社長の指示で、人間型ロボットを使った娼館の提案書を作成するから、内容を相談してきてほしいのよ。」
「これが引合仕様書だ。移動中に読んでおきなさい。」
「判りました。では、行ってきます。」

---------------------------

二人は新幹線と在来線を乗り継いで目的の駅にたどり着いた。森下は、駅前で客待ちしていたタクシーを捕まえた。
「運転手さん、黒崎ロボット工学研究所へ。」
「森下、その前にちょっと寄りたいところがある。」
「なによ。昔の女に会いに行くんじゃないでしょうね。」
「よく、わかったな。」
「ちょっと!仕事で来ているのよ。」
「もちろん、仕事さ。運転手さん、帝都工大へ。」
「帝都工大?そういえば、この近くだったわよね。あんた、そこに知り合いいるの?」
「僕の母校さ。」
「へーっ、目黒って見かけによらず秀才なんだ。」
「見かけによらずは余計だ。」
タクシーは二人を乗せて、帝都工大に向かった。
帝都工大に着くと、目黒はさっさと歩き出した。あわてて森下は目黒の後を追った。目黒はある研究室の前で止まった。

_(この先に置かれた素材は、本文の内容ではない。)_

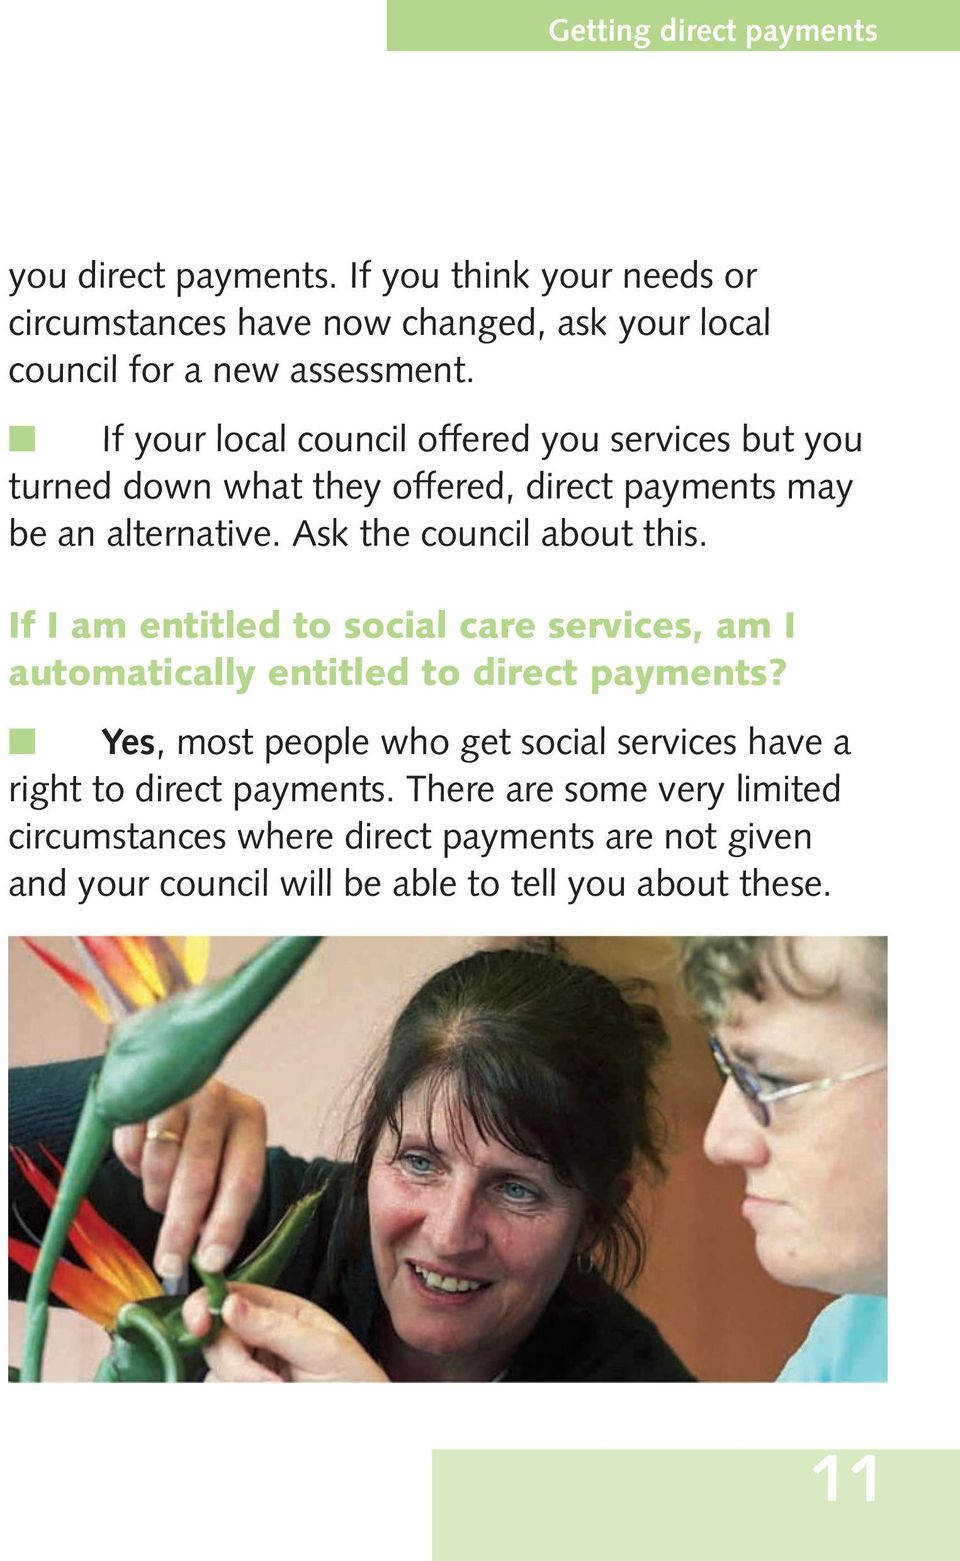 If I am entitled to social care services, am I automatically entitled to direct payments?

「ちょっと、勝手に行かないでよ。えーと、榛原研究室?たしか榛原教授って動力炉の権威よね。
ロボット娼婦に付ける動力炉を相談するの?」
「ちょっと違う。まあ、すぐに判るよ。それにしても、さすがだね。榛原教授のこと、よく知っているじゃないか。」
「うん、以前知り合いがここにいたのよ。」
そのとき森下がちょっと寂しい顔をしたことに目黒は気づかなかった。
目黒が研究室の扉を開けると、そこには銀色の人形が座っていた。
人形は目黒たちのほうに顔を向け、ニコリと笑った。
「ここは榛原研究室です。ご用件はなんでしょうか。」
「晶!」
思わず森下は叫んでいた。
「森下、お前、このロボット知っているのか。」
「ううん、ちがうの。さっき私が言ってた知り合いが晶というんだけど、このロボットに似ているのよ。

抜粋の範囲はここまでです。